It is quite appropriate that the last time I wrote, I wrote about fear, because right about now I find myself gripped in the icy claws of fear. Afraid of what I really want, afraid to settle for less. I have asked God for some very specific things in my life, and I don’t want to settle for less. But at the same time settling seems a lot easier and more gratifying in the moment. I have never been very patient, I keep seeing the stupid quote pop up on Pinterest that says “Trust in God means trust in his Timing” and I need to see that each and every day because I have such a hard time just waiting. At the same time I have been in a place in my life for the last 6 months or so where my relationship with God resembles an angry teenager, who knows that their parents know best, but they just want to do there own thing and have fun. From this place, realizing what it will take to have what I have asked God for, it seems like I am impossibly far away. And looking at it straight in the face terrifies me. I feel so incredibly inadequate; can I really trust God enough?
I know the answer is yes. Because from the place that I wrote the last entry, I had faced my fears and gladly said yes I will follow. But when that didn’t turn out the way I expected I drew back, and questioned why God would mess with me like that. I knew it was for the best, but it caused hurt and confusion and it took me a while to see the big picture. I went from being very close to God and putting trust in him every day, to pulling back and while still feeling the loving Father, my heart was that of a spoiled little brat, who was throwing a fit because they didn’t get what they wanted. So how do I get back to that place of daily communion with the Father?
Through the complete destruction of my life, hopes and dreams I was close to him. I had to be. Sometimes it hurt so bad I could hardly breathe. I trusted him as he led me through the process of healing; I trusted his timing and gave him the desires of my heart. When he finally led me out of the lonely journey I was on, I was close to Him as I rejoiced in what he was doing for me, for the joy that he was putting back in my life. I trusted him every step of the way because I didn’t know how else to do it. But, I also made the mistake of assuming that I knew where he was taking me, and guess what, in true God fashion, He had other plans. And some how even though I was trusting him to lead me, and was still trusting that he knew what was best, I lost that connection. Just like that spoiled teenager I mentioned, I said ok God, that great, but I am upset and I am just going to go sulk in my room, I still trust that you are going to provide and take care of me, but I don’t really want to talk to you. How stupid and immature. I desperately want to move on to what he has next, but I know that won’t happen till I get that connection back so I can know where he is leading me. But I feel like at the same time that I am just trying to connect so that I can move on, and that seems selfish too. I need to want God, for God, not for anything he can do for me.
On Sunday the speaker challenged us to pray for 10 minute every day.
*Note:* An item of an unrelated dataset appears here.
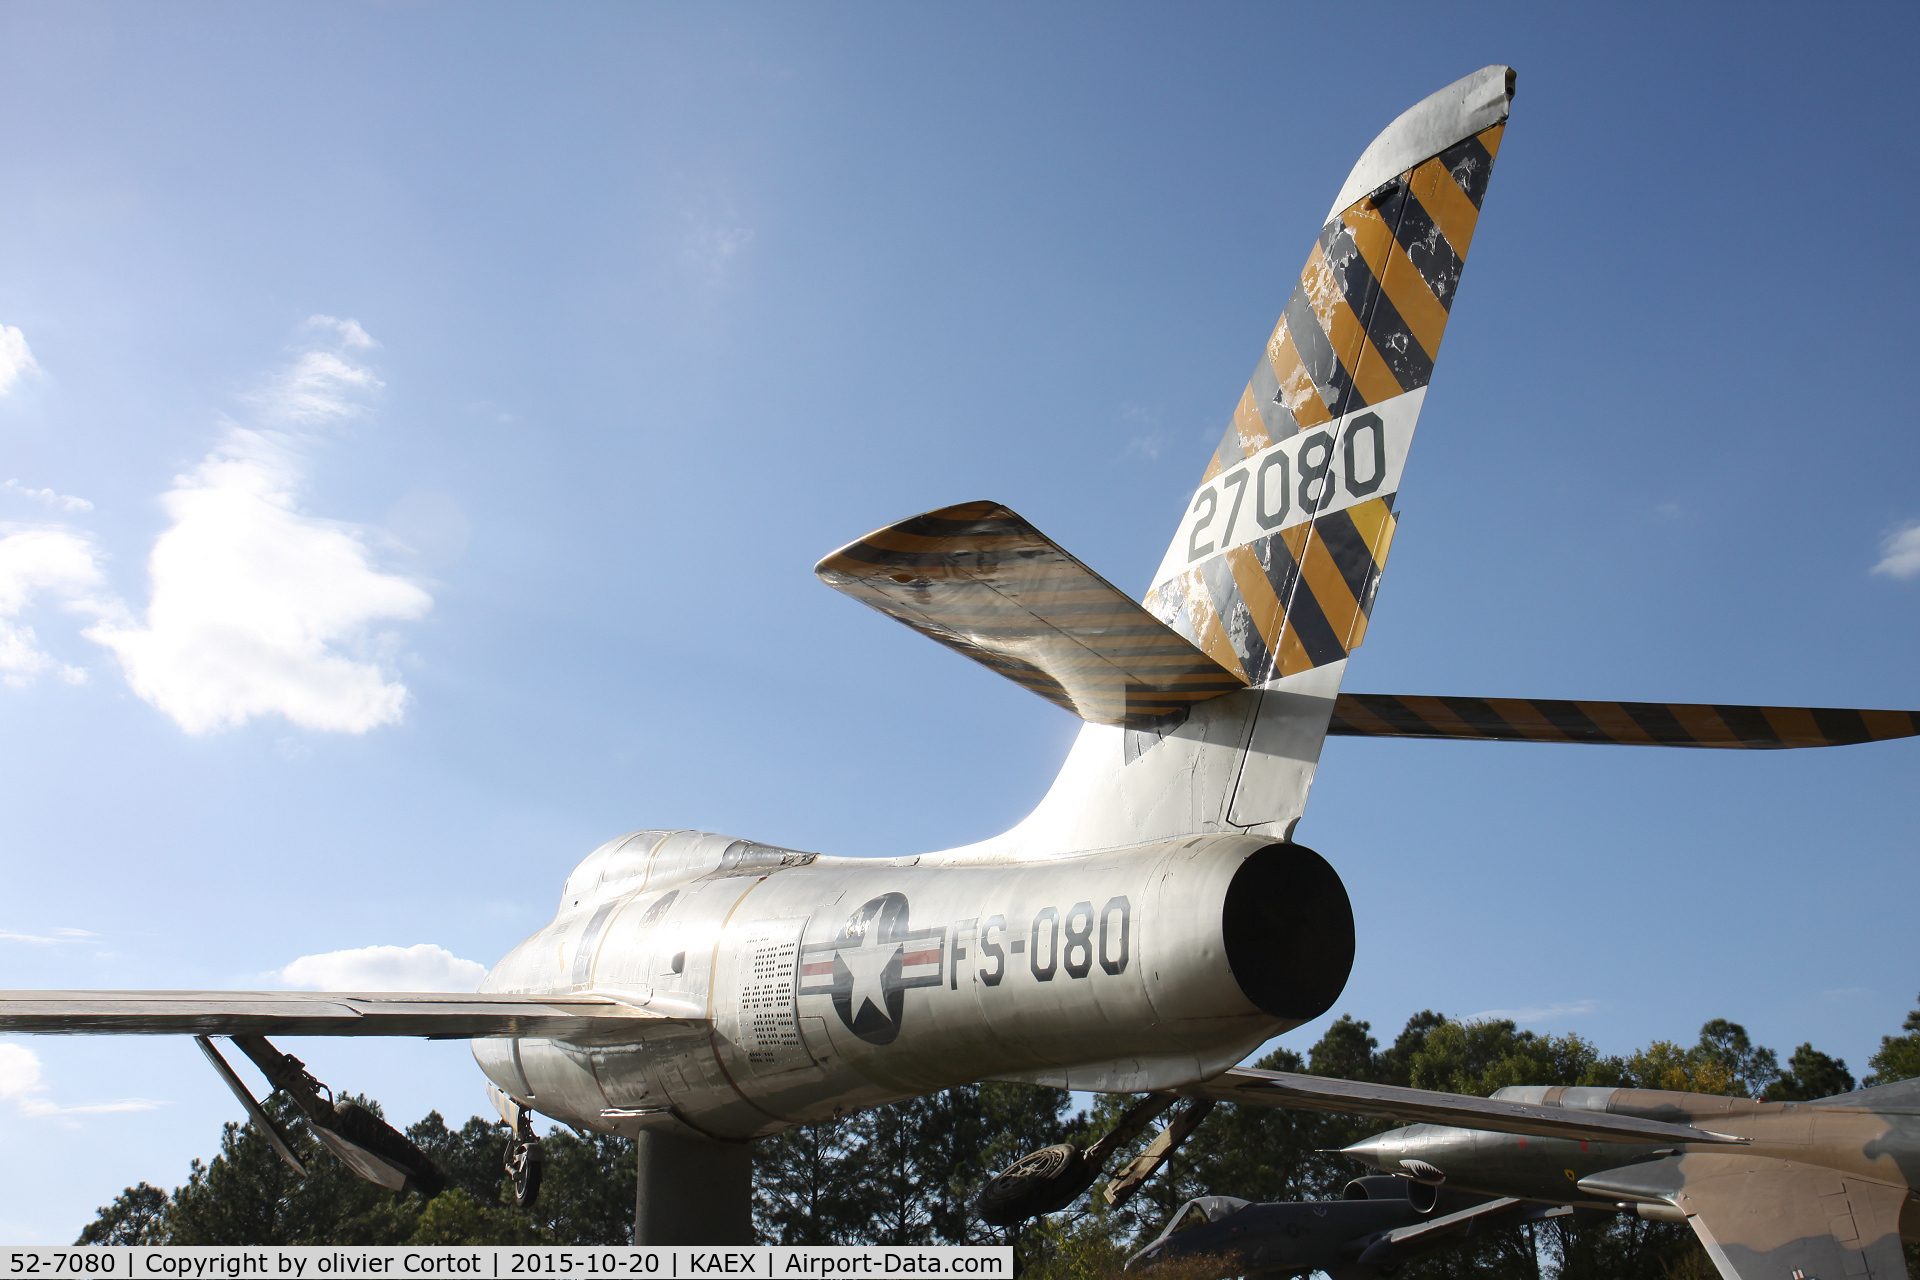 52-7080, 1952 Republic F-84F Thunderstreak C/N Not found 52-7080, rear view

I have done it one day so far, I thought it would be hard coming from the place I was in, but I just went back to the place of desperation I was in before and I poured out my heart, all the junk, and the hurt and confusion, just like a used to, and guess what, He was still there right where He has always been. Even though I haven’t done the 10 minutes more than the one day, things have been much different, and I plan to chat with my heavenly Father much more. I don’t have to have some amazing revelation or calling, I just have to come to him, just as I am.